Northern Pulp plans on submitting its focus report responses to the provincial Environment Department by month’s end. There will be a month for public comment on the studies comprising the focus report and then Environment Minister Gordon Wilson will have 25 days to decide whether to approve it.
If approved, the new facility could take 21 months to build.
The 2015 Boat Harbour Act demands the existing effluent treatment plant close by Jan. 31, 2020.
While a Department of Lands and Forestry spokeswoman refused to comment this week on a “hypothetical situation,” everyone else is talking.
And tensions are rising as a potential Northern Pulp shutdown draws near.
No Pipe signs dot lawns along the Northumberland Strait of a broad coalition for fishermen, First Nations and community groups who oppose Northern Pulp’s plan.
There are also Support Forestry Families signs in yards like the McMillans and Support Northern Pulp stickers on the tailgates of pickup trucks around Northern Nova Scotia.

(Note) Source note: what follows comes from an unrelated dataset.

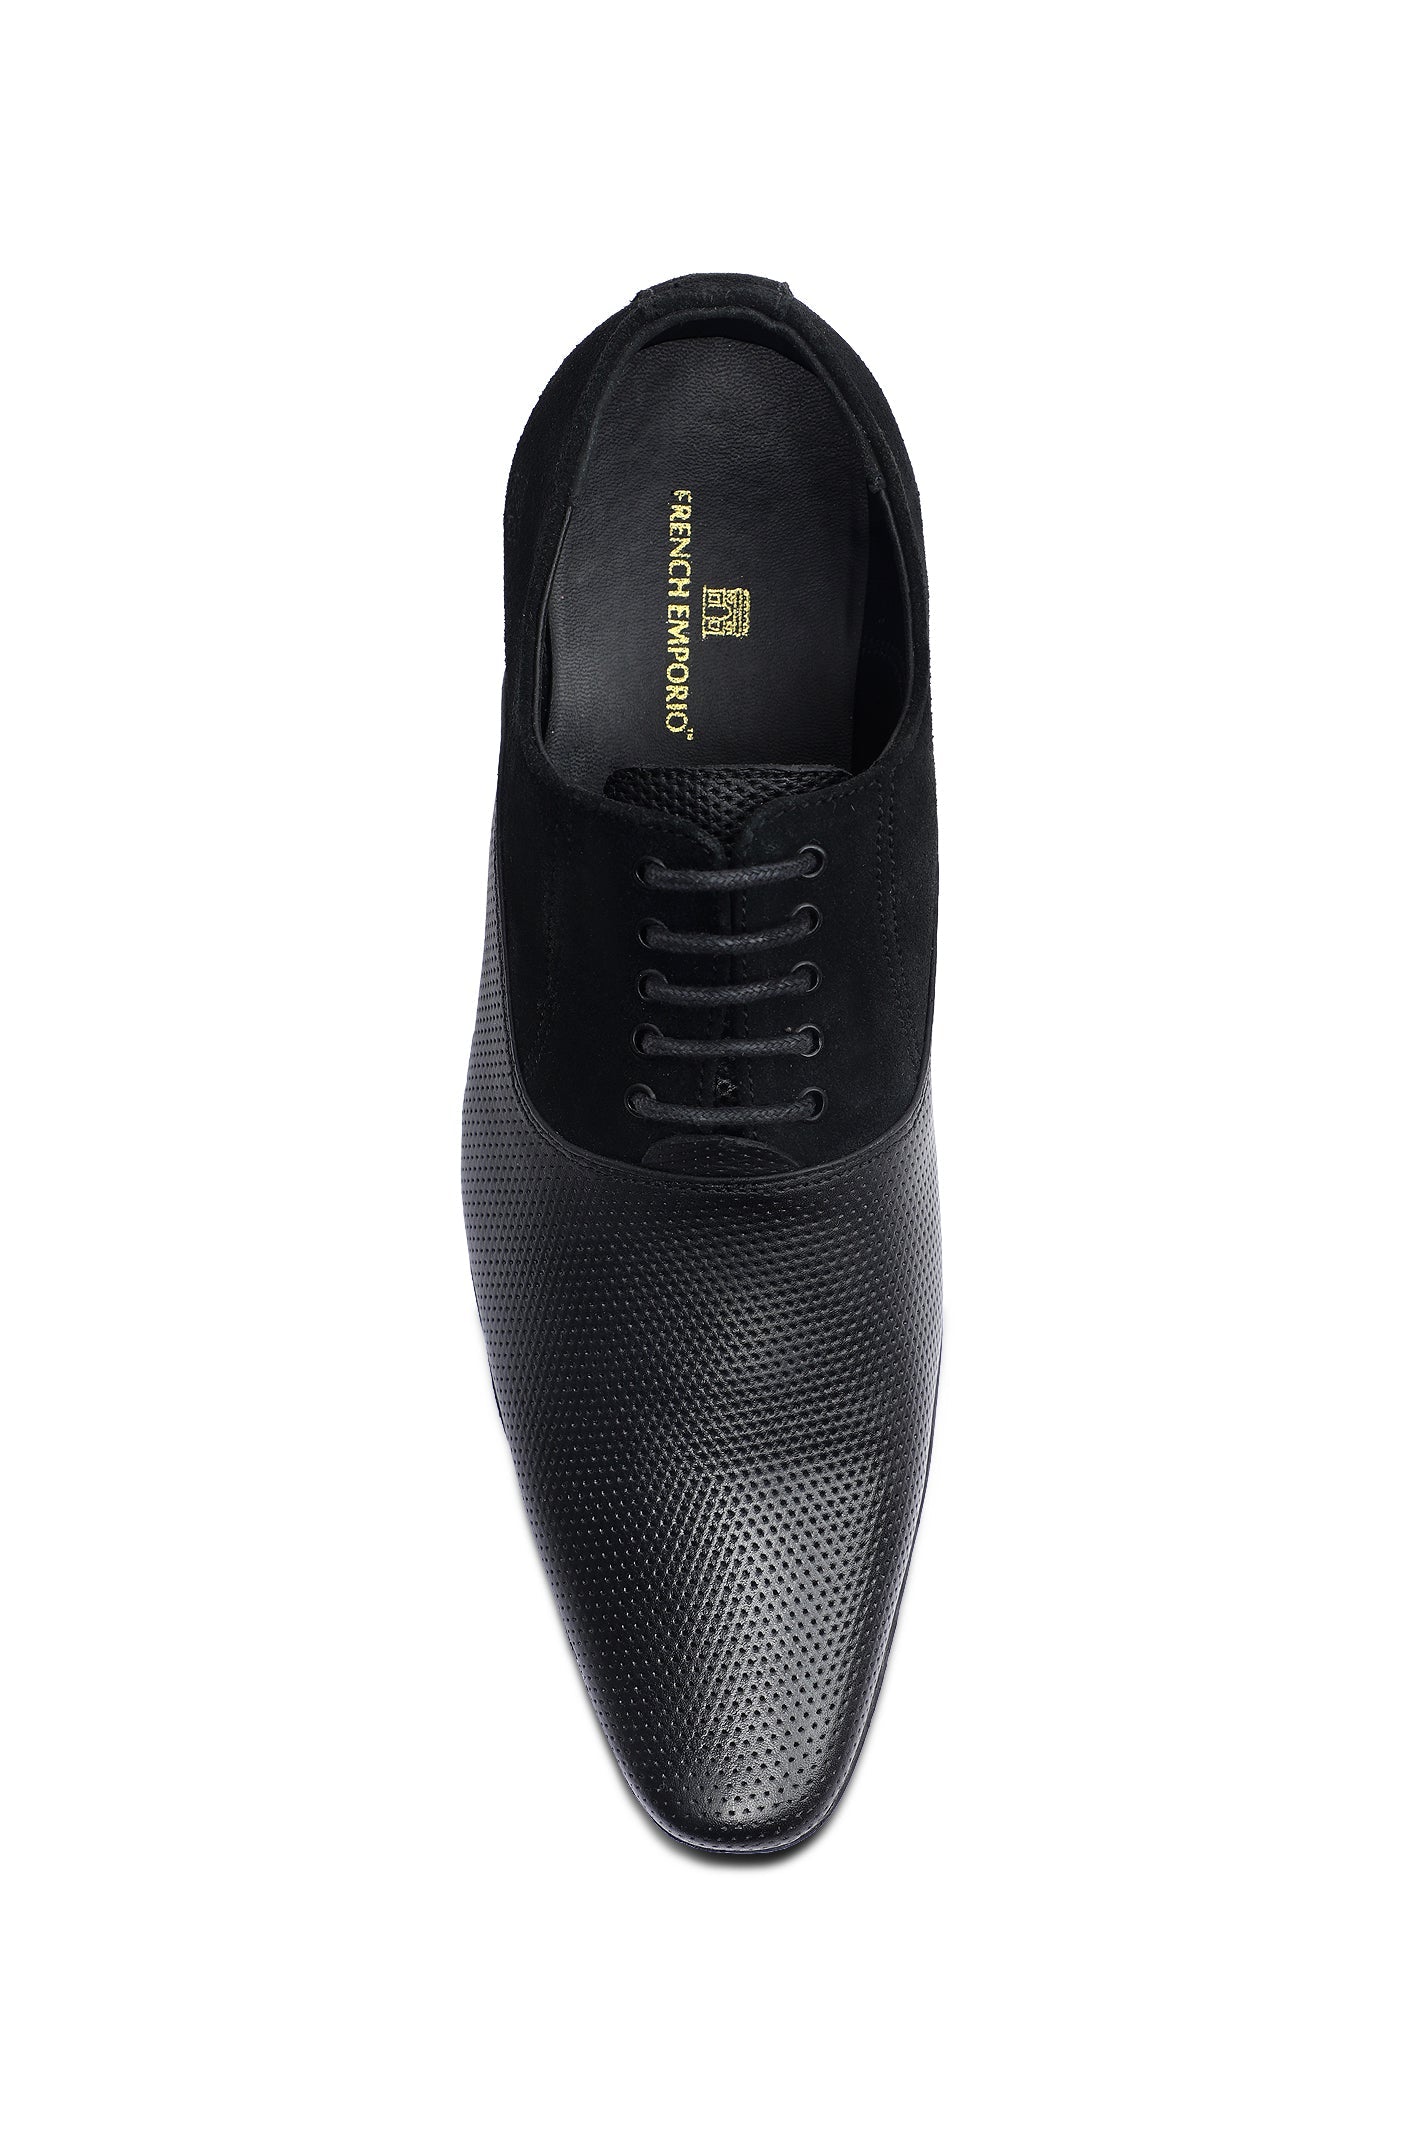 Formal Shoes For Men SKU: SMF-0249-BLACK - Diners

Tales of threats and harassment have spread among those on both sides of the issue.
The sharp divisions are most evident on social media.
Facebook groups titled Clean up the Pictou County Pulp Mill and Support Northern Pulp Jobs and the Nova Scotia Economy host impassioned discussions of siloed opinions.
In this golden age of communication, we appear to understand each other less than ever.
“The great gift that social media promised was access to the conversation,” said Amy Thurlow, a communications professor at Mount Saint Vincent University in Halifax who studies social media effects on public discourse.
“In days gone by, the people who had access to important conversations were the people who could get there. Everyone else was left out. The idea was that now that we can get all the voices at the table, it will engage and democratize discourse.”
Nova Scotians are more connected than ever before, and as our province faces one of the most divisive decisions in recent memory, the most notable feature of the conversation is what’s lacking — respectful acknowledgement of the ground upon which both sides stand.
Thurlow isn’t surprised.
“What happened is that social media created these echo chambers, these bubbles around conversations,” she said.
“When people get there, they tend to only talk to people that think like they do and don’t cross boundaries.”
The algorithms that drive what shows up in our news feed actually promote this — they are designed to bring us posts that we want to see.
That keeps us looking at our screens.
Those algorithms also keep us from seeing opinions that we don’t like or thinking deeply about perspectives other than our own.
“Social media’s strength is its reach,” Thurlow said.
“What it doesn’t do well is depth. That’s what’s so critical in this situation. In a debate where people’s realities are so different and the stakes are so high, we can’t get a depth of conversation in the medium we use the most.”
When the McMillans invited Paul to their home and she agreed to come, both were using what Thurlow considers “the most effective form of engagement.”
They talked face to face.
Both represent groups that consider themselves to be unheard and misunderstood.